Bracebridge Hall, or The Humorists eBook

This eBook from the Gutenberg Project consists of approximately 476 pages of information about Bracebridge Hall, or The Humorists.

Bracebridge Hall, or The Humorists eBook

This eBook from the Gutenberg Project consists of approximately 476 pages of information about Bracebridge Hall, or The Humorists.

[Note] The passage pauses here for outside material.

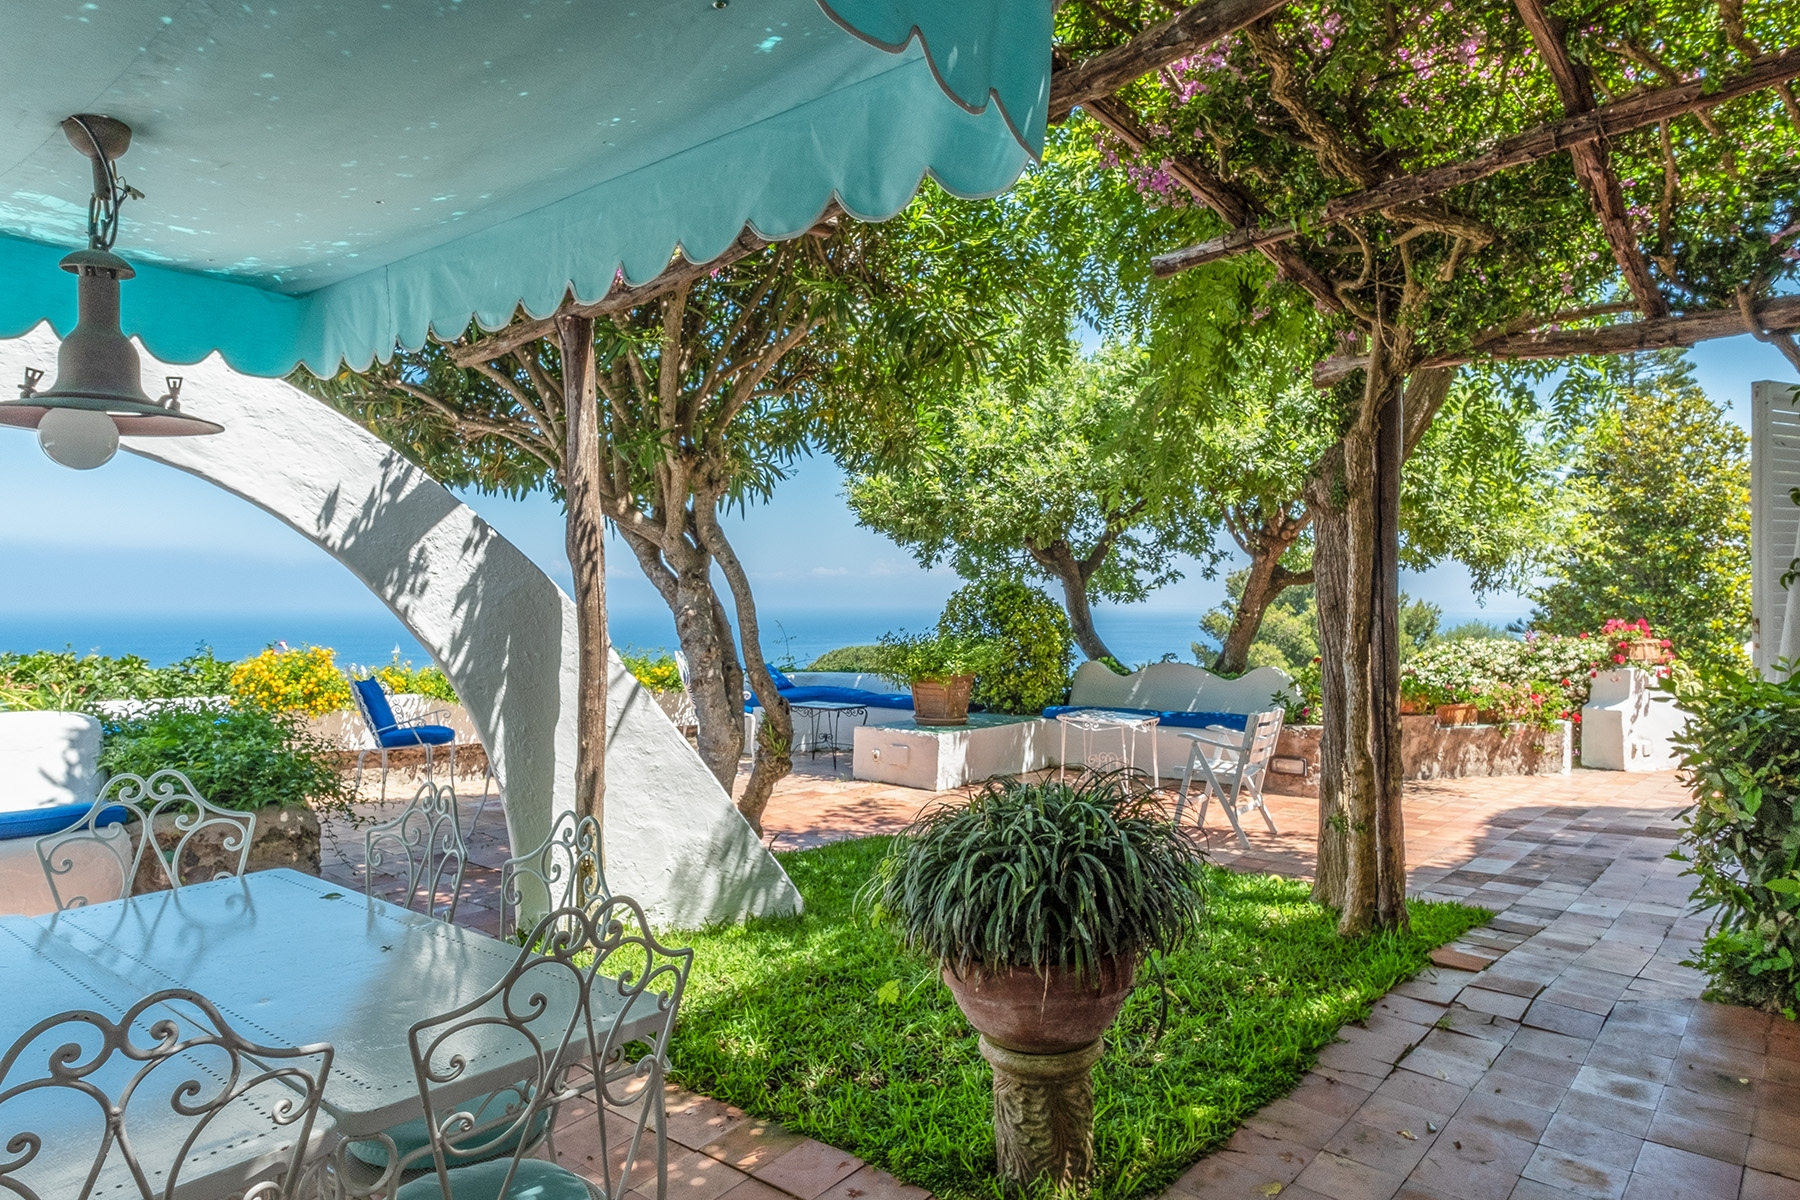 Villa in Vendita a Ischia: 5 locali, 206 mq - Foto 15
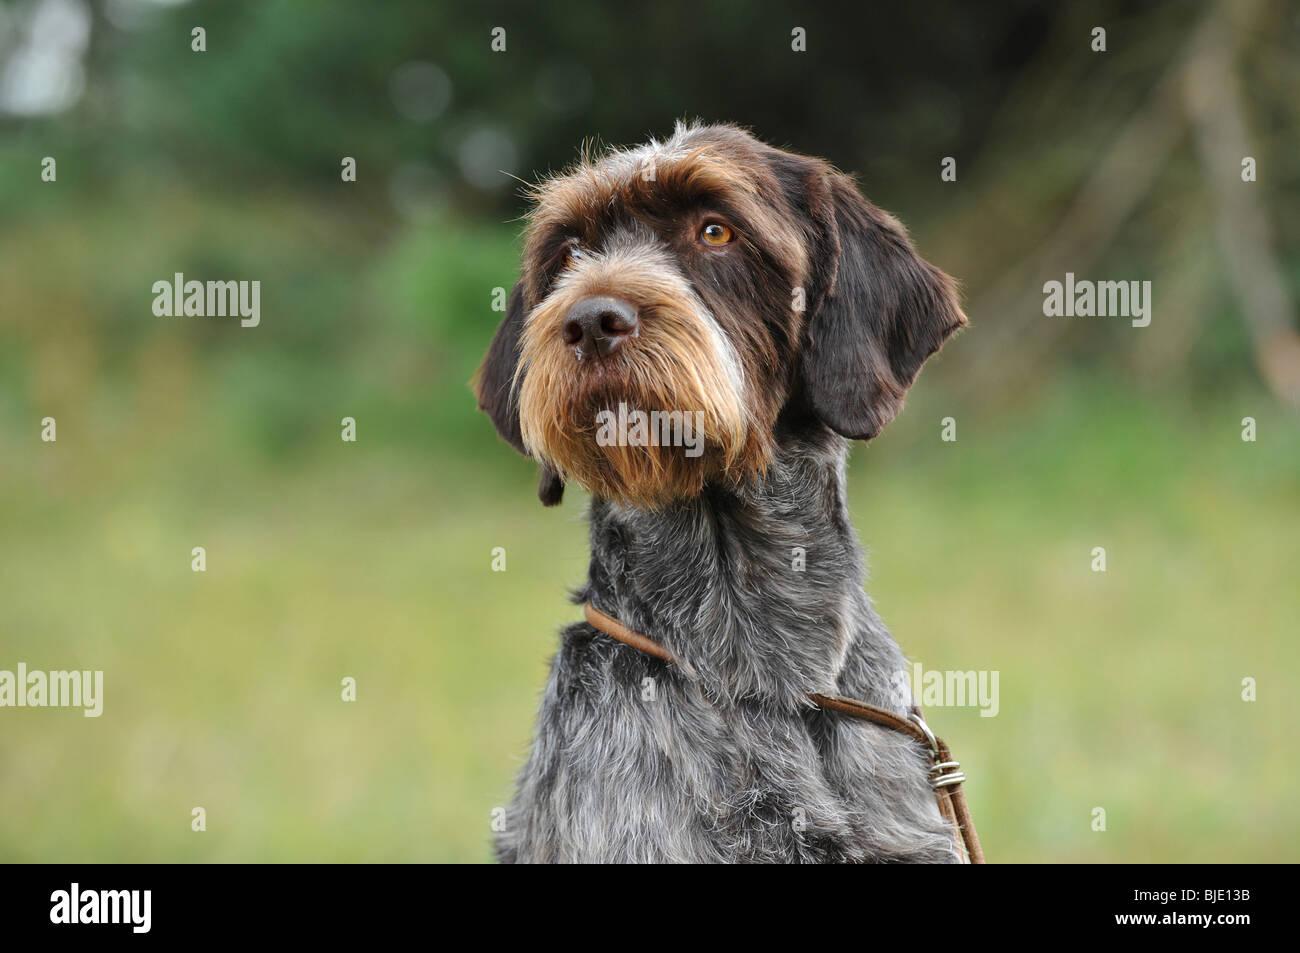 Cesky fousek dog portrait - Stock Image

No sooner was Dolph received into the doctor’s family, than he was put in possession of the lodging of his predecessor.  It was a garret-room of a steep-roofed Dutch house, where the rain patted on the shingles, and the lightning gleamed, and the wind piped through the crannies in stormy weather; and where whole troops of hungry rats, like Don Cossacks, galloped about in defiance of traps and ratsbane.

He was soon up to his ears in medical studies, being employed, morning, noon, and night, in rolling pills, filtering tinctures, or pounding the pestle and mortar, in one corner of the laboratory; while the doctor would take his seat in another corner, when he had nothing else to do, or expected visitors, and, arrayed in his morning-gown and velvet cap, would pore over the contents of some folio volume.  It is true, that the regular thumping of Dolph’s pestle, or, perhaps, the drowsy buzzing of the summer flies, would now and then lull the little man into a slumber; but then his spectacles were always wide awake, and studiously regarding the book.

There was another personage in the house, however, to whom Dolph was obliged to pay allegiance.  Though a bachelor, and a man of such great dignity and importance, yet the doctor was, like many other wise men, subject to petticoat government.  He was completely under the sway of his housekeeper; a spare, busy, fretting housewife, in a little, round, quilted, German cap, with a huge bunch of keys jingling at the girdle of an exceedingly long waist.  Frau Ilse (or Frow Ilsy, as it was pronounced) had accompanied him in his various migrations from Germany to England, and from England to the province; managing his establishment and himself too:  ruling him, it is true, with a gentle hand, but carrying a high hand with all the world beside.  How she had acquired such ascendency, I do not pretend to say.  People, it is true, did talk—­but have not people been prone to talk ever since the world began?  Who can tell how women generally contrive to get the upper hand?  A husband, it is true, may now and then be master in his own house; but who ever knew a bachelor that was not managed by his housekeeper?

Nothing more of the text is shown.